Loading video...

Video Failed to Load

There was a problem loading this video. This could be due to a temporary network issue or the video might be unavailable.

Ilya Sutskever's has a bold take. LLMs are doing much more than predicting the next word. They are learning our world model. Text is a projection of the world.

Lior Alexander

115,932 subscribers

326,410 views • 2 years ago •via X (Twitter)

Education News & Politics Science & Technology

Anya Rossi• Live Now

Private livecam show

10 Comments

Lior⚡2 years ago

Source:

SciStone2 years ago

How is this a bold take? It's literally what it is. Text isn't a projection of the world, information is. Everything is information, and language is a means to distill information into a text form.

David Ondrej2 years ago

I don't think it's a bold take I think anyone who spends a bit of time thinking about how LLMs actually work has to come to that conclusion In order for LLMs to predict the next world really, really well they have to develop some sort of understanding of the world, including some reasoning capabilities

Nathanaël Goujon2 years ago

@AlphaSignalAI Looks more like a bald take if you ask me

Cristian Garcia2 years ago

@AlphaSignalAI That's not bold, this is 𝗯𝗼𝗹𝗱.

Marcus D. R. Klarqvist2 years ago

Bold how? This is literally how all of ML/AI works. It's simply hyperbole for marketing impact to claim it's "the world". Given all the text ever written by humans, and a large enough model, it's obvious that next-token prediction would be proficient in generating text. It's also obvious that such a model would have no real logic and reasoning capabilities required to be intelligent and hence pose no threat whatsoever to humanity.

philip tao2 years ago

@AlphaSignalAI Really distracting hairdo...

Omar Kamel2 years ago

@AlphaSignalAI 1. Not an original take. 2.He uses learning as thought it implies understanding. A wax imprint of a song has ‘learned’ the song, but it doesn’t entail any understanding of it. No more than a memory foam pillow ‘understands’ your head.

AlphaSignal AI2 years ago

@AlphaSignalAI Would love to hear @ylecun and @geoffreyhinton thoughts on this.

LAI2 years ago

Ilya Sutskever's perspective on Large Language Models (LLMs) like GPT-3 and its successors is indeed thought-provoking. His view suggests that these models are not just simple tools for predicting the next word in a sentence but are, in fact, developing a deeper understanding or "model" of the world. The idea that "text is a projection of the world" implies that the vast amount of text data fed into these models encapsulates a representation of human knowledge and experience. Through processing and learning from this text, LLMs are thought to acquire a form of understanding or representation of the world, albeit in a manner that's fundamentally different from human cognition. However, it's important to note that while LLMs can mimic certain aspects of understanding and can generate coherent and contextually appropriate responses, their "knowledge" is limited to patterns found in the data they were trained on. They lack true understanding or consciousness and do not have experiences or awareness. Their "world model" is a statistical representation based on language patterns, rather than a conscious or intentional understanding of reality. This perspective opens up fascinating discussions about the capabilities and limitations of AI, and the nature of understanding and intelligence.

Related Videos

Does GPT understand the world? Here is what Ilya Sutskever, co-founder of OpenAI, says during a discussion with Jensen Huang, CEO of Nvidia: (1) When we train a large neural network to accurately predict the next word in lots of different texts from the internet, the AI is learning a world model. (2) On the surface, it may look like learning correlations in text, but it turns out that to 'just learn' statistical correlations in text, to compress information really well, what the neural network learns is some representation of the process that produced the text. (3) This text is a projection of the world...what the neural network is learning is aspects of the world, of people, of the human conditions, their hopes, dreams, motivations, their interactions...the situations we are in. The neural network learns a compressed, abstract, usable representation." Do you think learning representations = understanding? Are large language models simply stochastic parrots, or are they much more?
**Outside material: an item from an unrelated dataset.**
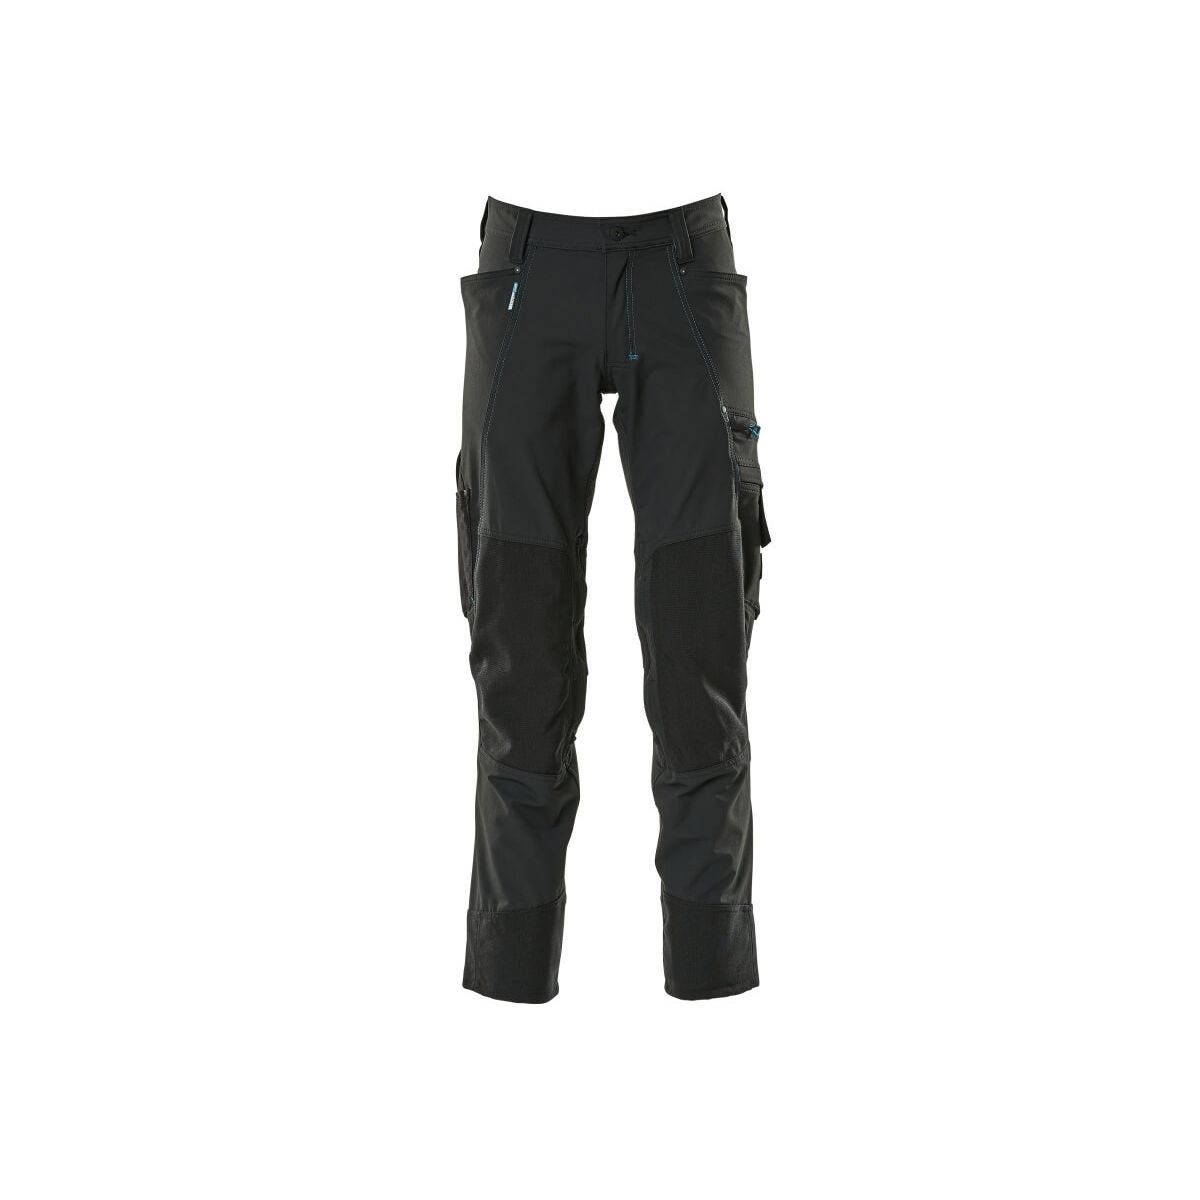 Pantalon avec poches genouillères ULTIMATE STRETCH Noir - Mascot - Taille W34.5/L32 0

Does GPT understand the world? Here is what Ilya Sutskever, co-founder of OpenAI, says during a discussion with Jensen Huang, CEO of Nvidia: (1) When we train a large neural network to accurately predict the next word in lots of different texts from the internet, the AI is learning a world model. (2) On the surface, it may look like learning correlations in text, but it turns out that to 'just learn' statistical correlations in text, to compress information really well, what the neural network learns is some representation of the process that produced the text. (3) This text is a projection of the world...what the neural network is learning is aspects of the world, of people, of the human conditions, their hopes, dreams, motivations, their interactions...the situations we are in. The neural network learns a compressed, abstract, usable representation." Do you think learning representations = understanding? Are large language models simply stochastic parrots, or are they much more?

Alex Ker 🔭

1,367,023 views • 2 years ago

Ilya on LLMs understanding the world: "predicting the next token well, means that you understand the underlying reality that let to the creation of that token" Seem like the opposite view of Yann.

Ilya on LLMs understanding the world: "predicting the next token well, means that you understand the underlying reality that let to the creation of that token" Seem like the opposite view of Yann.

Lior Alexander

1,222,086 views • 2 years ago

Geoffrey Hinton says LLMs are moving beyond imitation toward self-consistent reasoning Instead of just predicting the next word, new models are beginning to identify contradictions in their own logic This unbounded self-improvement will "end up making it much smarter than us"

Geoffrey Hinton says LLMs are moving beyond imitation toward self-consistent reasoning Instead of just predicting the next word, new models are beginning to identify contradictions in their own logic This unbounded self-improvement will "end up making it much smarter than us"

Haider.

119,900 views • 5 months ago

📁 Yann LeCun, Chief AI Scientist at Meta, says language is not the peak of intelligence, it is the easy part. Predicting the next word is simple because language is made of finite symbols. The real world is continuous, noisy and chaotic, and even a cat navigates it better than our best models. True intelligence begins where text ends.

📁 Yann LeCun, Chief AI Scientist at Meta, says language is not the peak of intelligence, it is the easy part. Predicting the next word is simple because language is made of finite symbols. The real world is continuous, noisy and chaotic, and even a cat navigates it better than our best models. True intelligence begins where text ends.

Jon Hernandez

56,151 views • 4 months ago

Yann LeCun says language isn’t intelligence. Predicting text doesn’t mean understanding reality. The real world is messy, physical, and causal and today’s LLMs barely touch that. The next leap is Physical AI: world models, cause and effect, real planning. Do you think LLMs can evolve into this, or do we need a completely new architecture?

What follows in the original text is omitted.